Earlier today Tony Blair gave a speech in which he finally took the gloves off. As someone with a growing interest in theorising post-democracy, I found it oddly intriguing. To anyone acquainted with the writing Anthony Giddens was spewing out in the 1990s, it was familiar stuff. Despite the fact his politics would long since have placed him in the centre of the Conservative party, Blair’s position is framed in terms of social democratic politics:
Social democratic politics in the early 21st century has one great advantage; and one large millstone.
The advantage is that the values of our age are essentially those fashioned by social democracy. We live today in a society that by and large has left behind deference, believes that merit not background should determine success; is inclined to equality of opportunity and equal treatment across gender and race; and believes in the NHS and the notion at least of the welfare state. This doesn’t mean to say this is the reality. But even the Tories, in the open, have to acknowledge the zeitgeist.
What should give the Labour party enormous hope and pride is that we have helped achieve all this.
However, the large millstone is that perennially, at times congenitally, we confuse values with the manner of their application in a changing world. This gives us a weakness when it comes to policy which perpetually disorients us and makes us mistake defending outdated policy with defending timeless values
This has always been the premise of Blarism. It started off as a psephological position (the changing composition of the electorate necessitates a recognition of the newfound ‘aspiration’ of swing voters) which grew into a pragmatist’s analysis of media power, in which winning over print media came to be seen as an unavoidably necessary step which only the truly idiotic would fail to recognise. Giddens codefied these intellectual tendencies and gave them the air of historical inevitability, claiming to illuminate the unfolding of social change while nonetheless seeking to bring it about through his energetic search for intellectual sponsorship amongst the ranks of the powerful.

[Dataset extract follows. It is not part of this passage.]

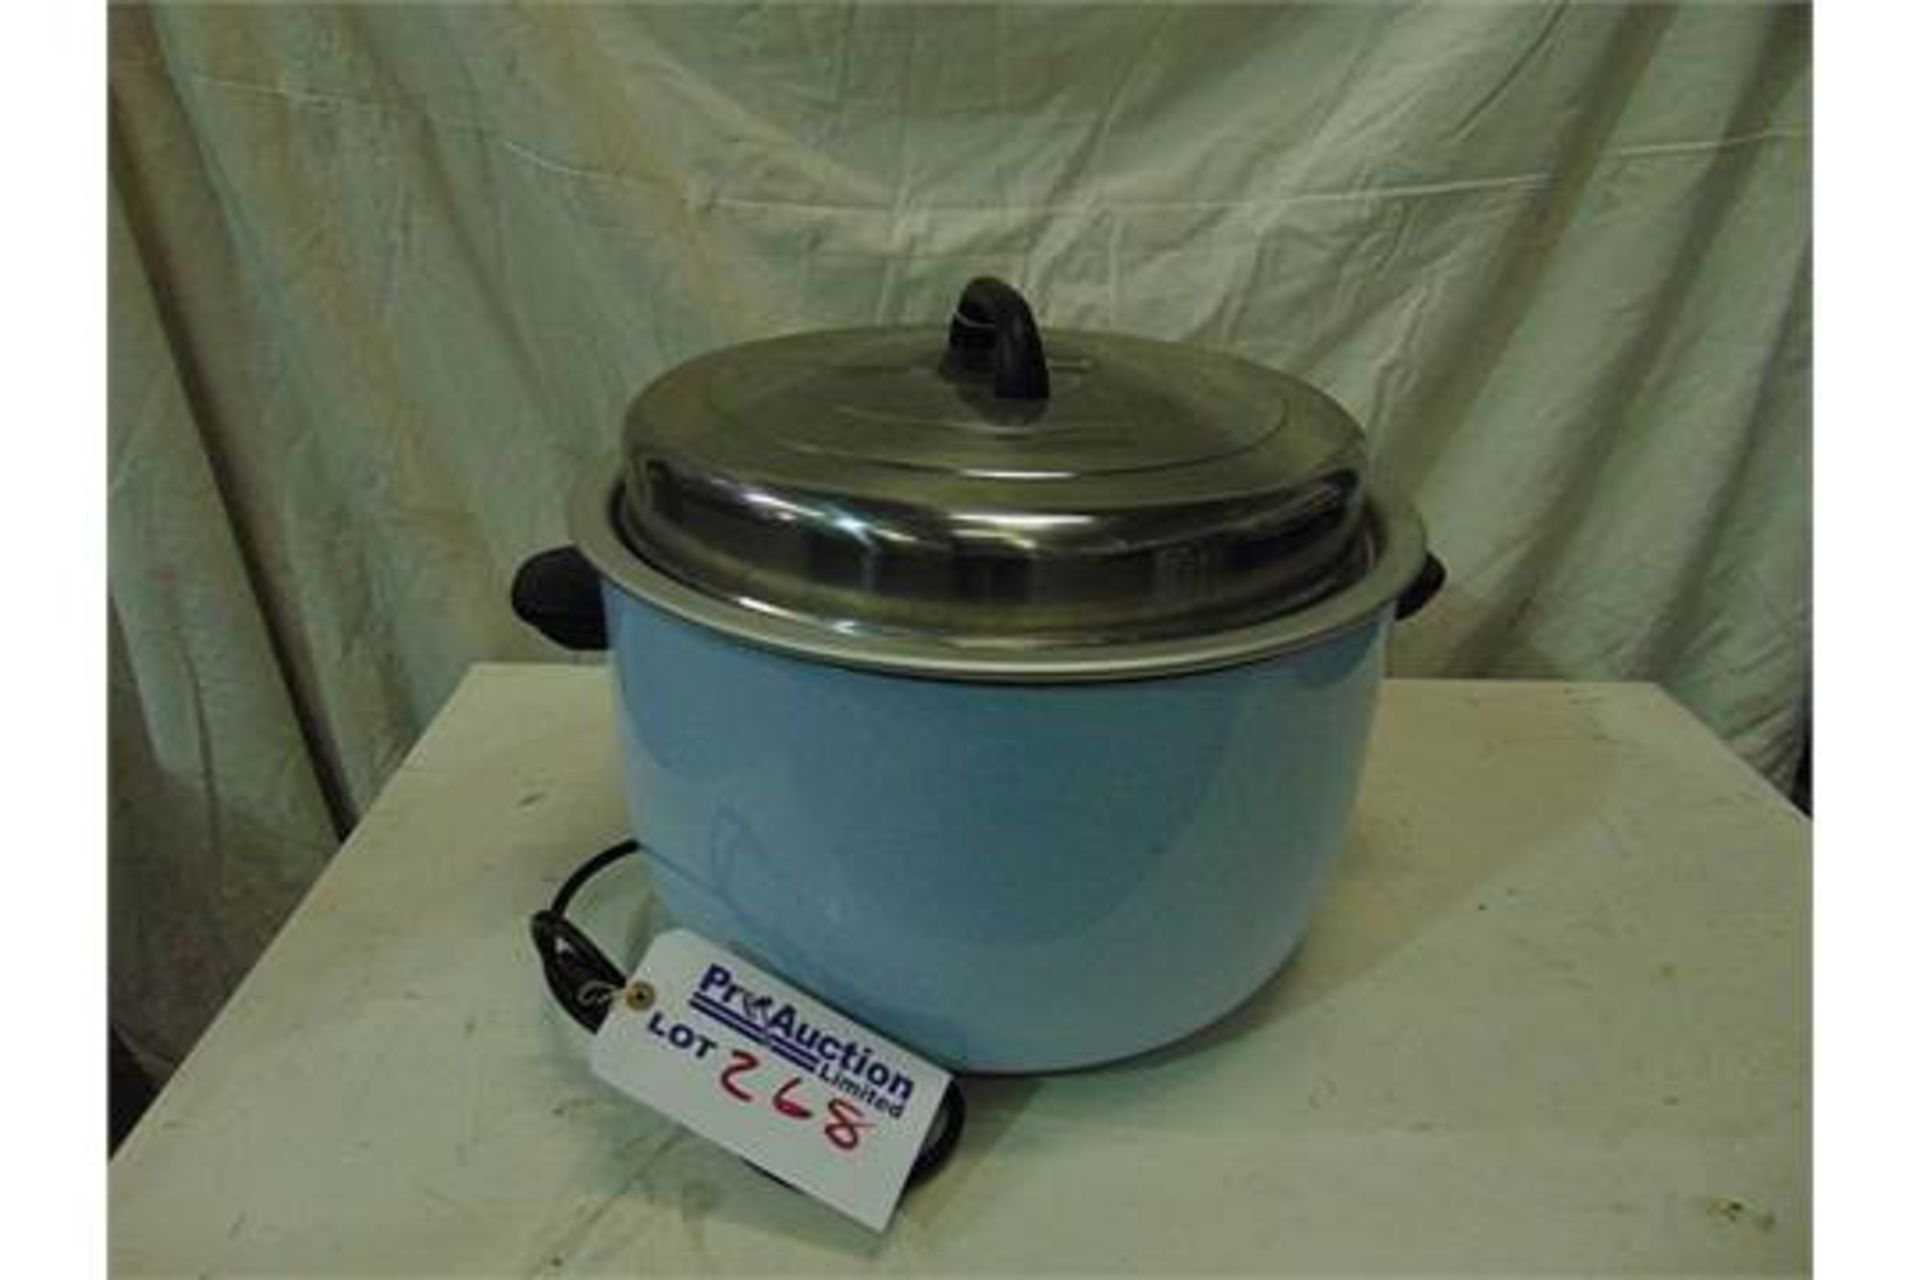 Buffallo rice cooker C8944 2.95kW. Capacity: 23Ltr Cooked Rice / 10Ltr Dry Rice STK10259-43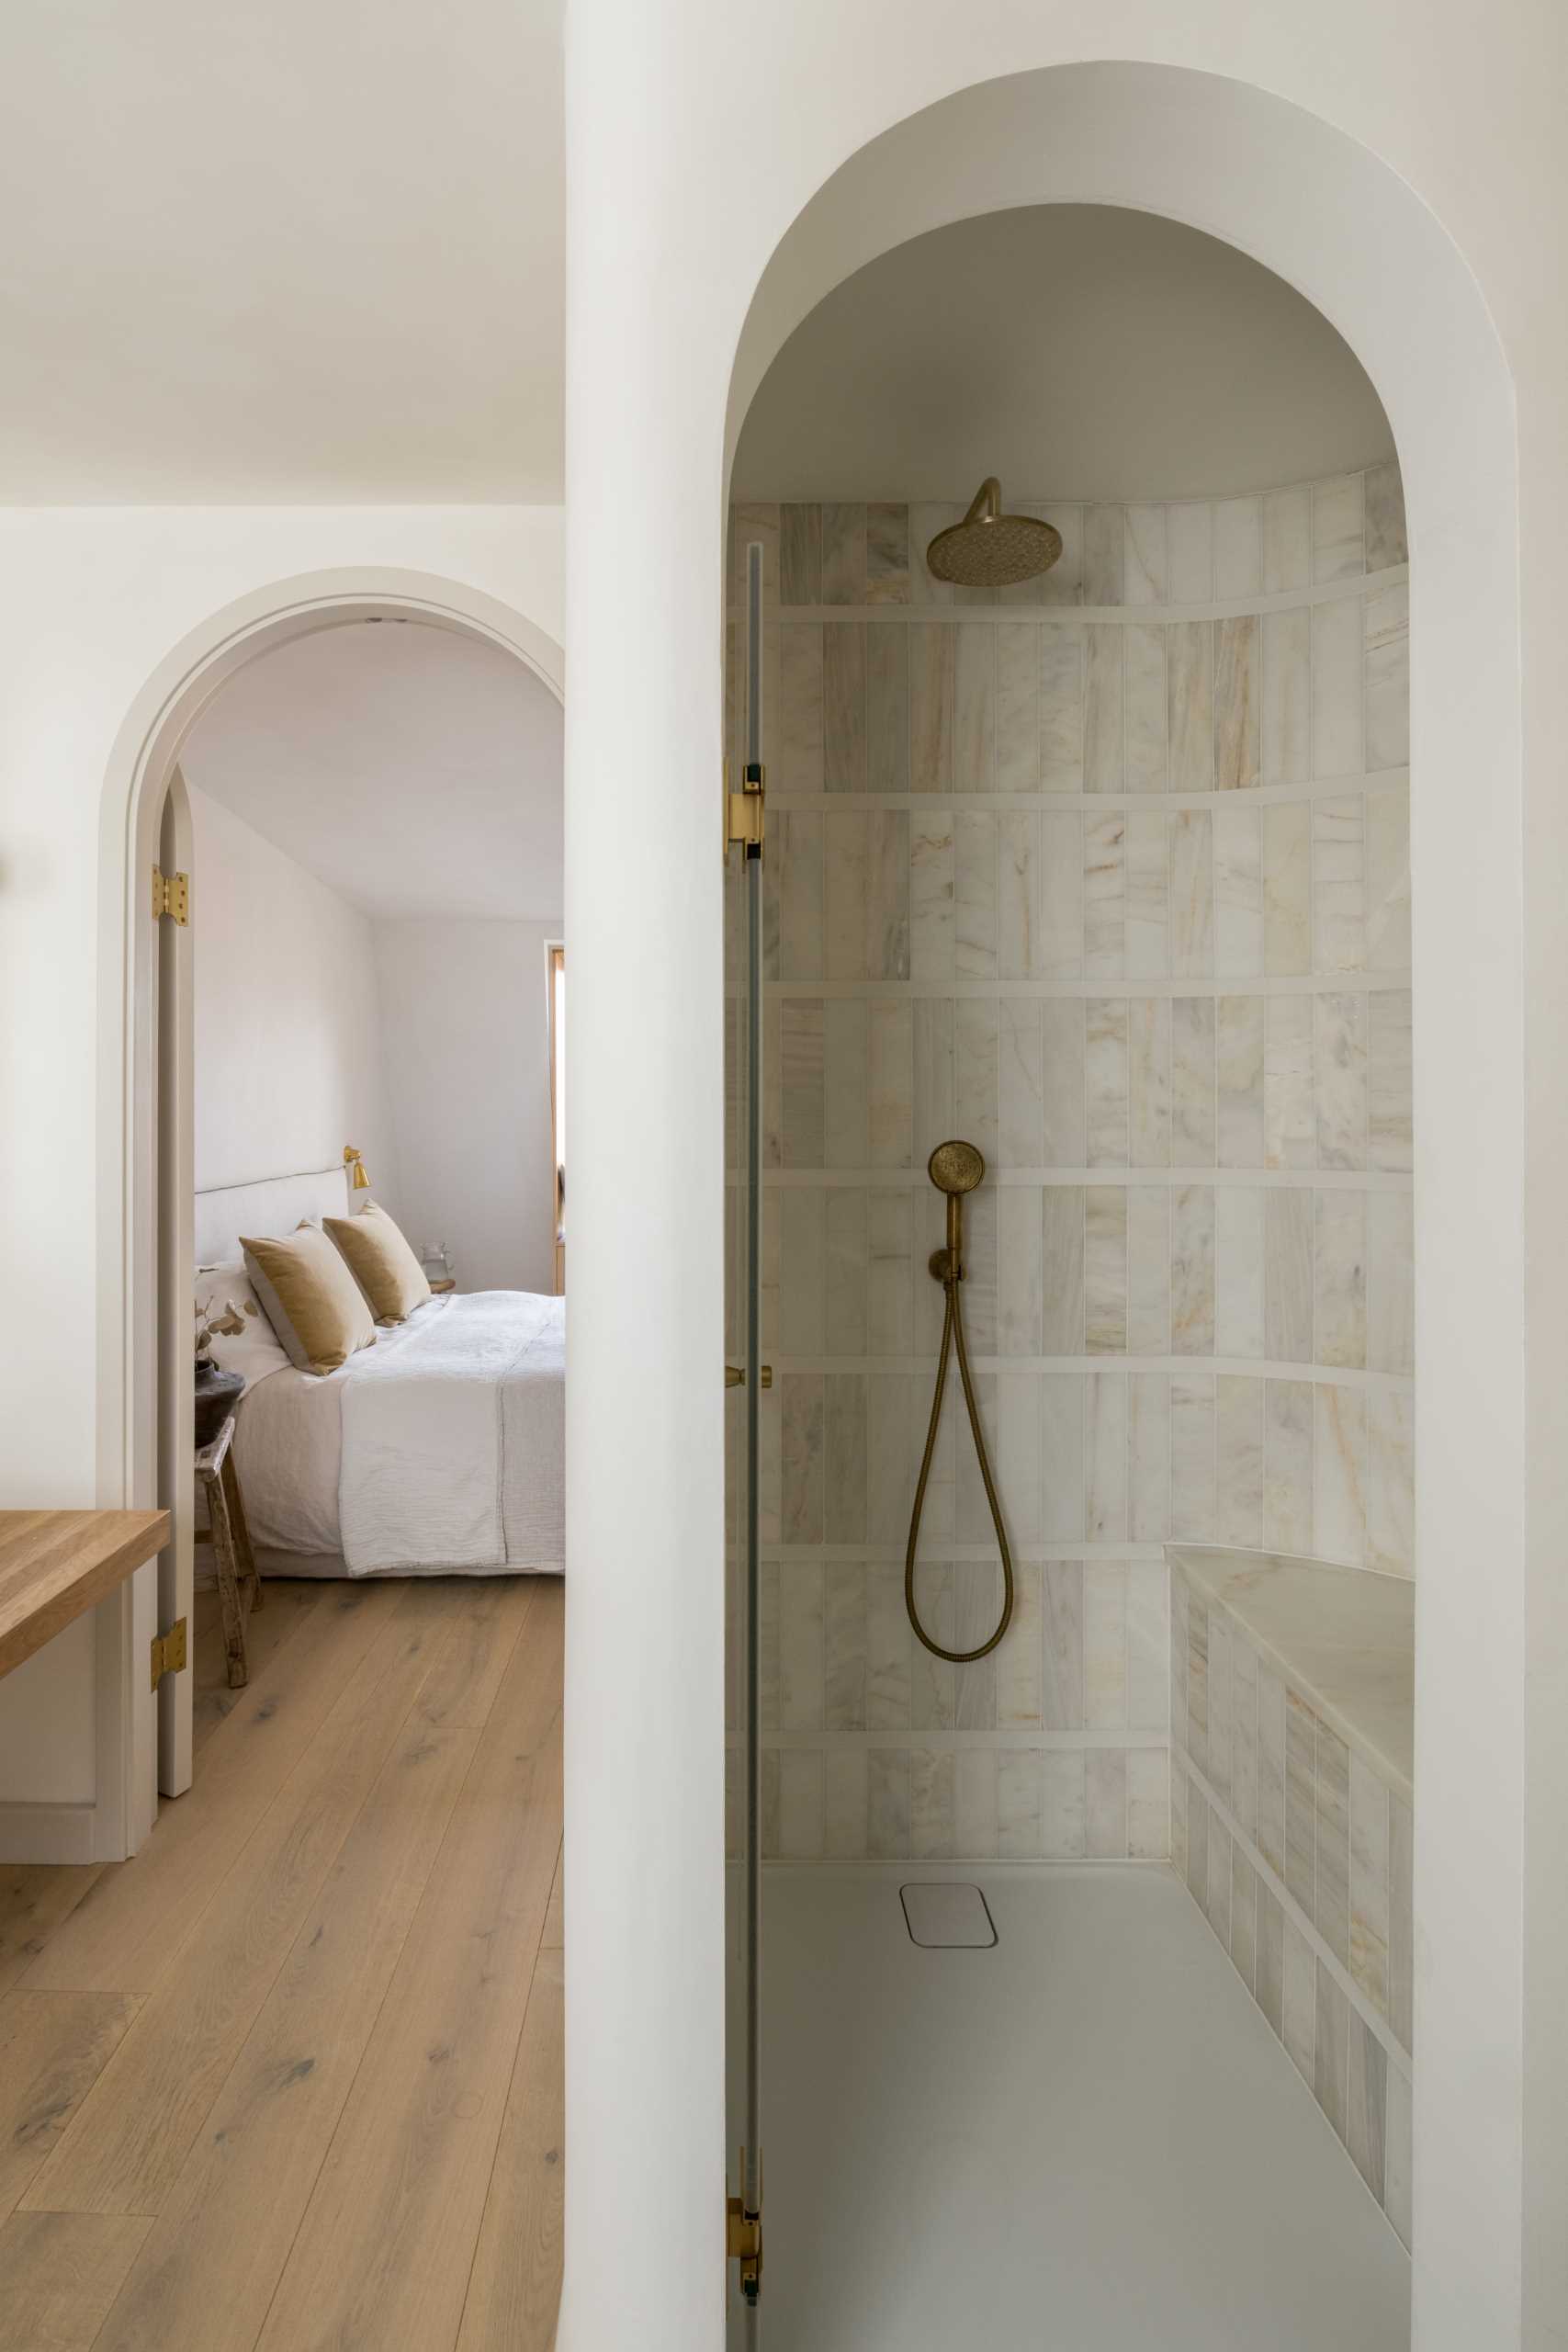 An arched doorway leads from the bedroom to the ensuite bathroom, where there's a freestanding bathtub under the window, a wood vanity, and a shower with a built-in seat.

Nonetheless, Blarism effects to be a pragmatic concession to a changing world. A reinterpretation of social democratic values for late modern times. Its ethical theory, in so far as it has one, rests on those values for its moral force: “if you really care about social democracy, you’ll support new labour because we’re the only way you’ll be able to put those values into practice”. This leaves it caught uneasily between the affirmation of values and embrace of pragmatism. It affirms both yet in doing so empties the former of substantive content to the gain of the latter. It’s axiomatic that ‘social democratic values’ are shared yet the intellectual framework is setup in a way which obscures questions of exactly what these values are and how they might change after 13 years of power. ‘Values’ becomes a cypher for the ends to which we will exercise power, invoked to silence dissent in a way that becomes ever more meaningless with each iteration, while the constitutive pragmatism disposes the cohort of Blairite politicans to a form of moral agency which we might charitably describe as elastic. The ‘social democratic values’ become a vanishing point, a pole of identification which retreats further into the distance the more concrete decision-making becomes, with tactics, triaging and triviality rushing in to fill the void.
But this means Blairite critique can get really weird. As Blair put it today,
We then misunderstand the difference between radical leftism, which is often in fact quite reactionary, and radical social democracy, which is all about ensuring that the values are put to work in the most effective way not for the world of yesterday but for today and the future.
This assumes those ‘values’ are static. It assumes that the question is merely one of how best to implement them in a changing world. The case for Blairism is that its sensitivity to the reality of this changing world, its commitment to ‘modernisation’, means it is (down to its very core) better able to enact these values than is ‘radical leftism’, with its ‘reactionary’ character. But by taking ‘social democratic values’ as axiomatic, it’s left rhetorically shackled to something the adherents of Blarisim viscerally oppose as people. This becomes clear when Blair says that “I wouldn’t want to win on an old-fashioned leftist platform. Even if I thought it was the route to victory, I wouldn’t take it.”
But I thought the point of Blairism was that it was a way of winning elections, recognising late modernity in a way that left it able to ensure that the values ‘we’ all share find a place in an out of control world? It turns out there are more values, other values, which don’t enter into the rhetoric of Blairism. Values which are what motivate the Blairites. But what are these? Unfortunately, it’s not entirely clear. The speech ends with some fascinatingly banal tactical considerations (Labour should “work out what a political organisation looks like today”) and then this gloriously vacuous passage:
We won elections when we had an agenda that was driven by values, but informed by modernity; when we had strength and clarity of purpose; when we were reformers not just investors in public services; when we gave working people rights at work including the right to join a union, but refused unions a veto over policy; when we understood businesses created jobs not governments; and where we were the change-makers, not the small -c conservatives of the left.
Even read charitably, the status of these claims is unclear. Are they statements of strategy and tactics, to be evaluated on their success in winning elections? Are they statements of principle, to be argued for on their own basis or as straight-forward assertions of ‘social democratic values’ to which we are all assumed to assent? Or are they something else entirely? History whispers in Blair’s ears, it always has. Unfortunately, its message has been to trust his instincts, giving expression to those deeply held beliefs which would have led him to join Cameron’s Conservative party if he had entered political life twenty five years later.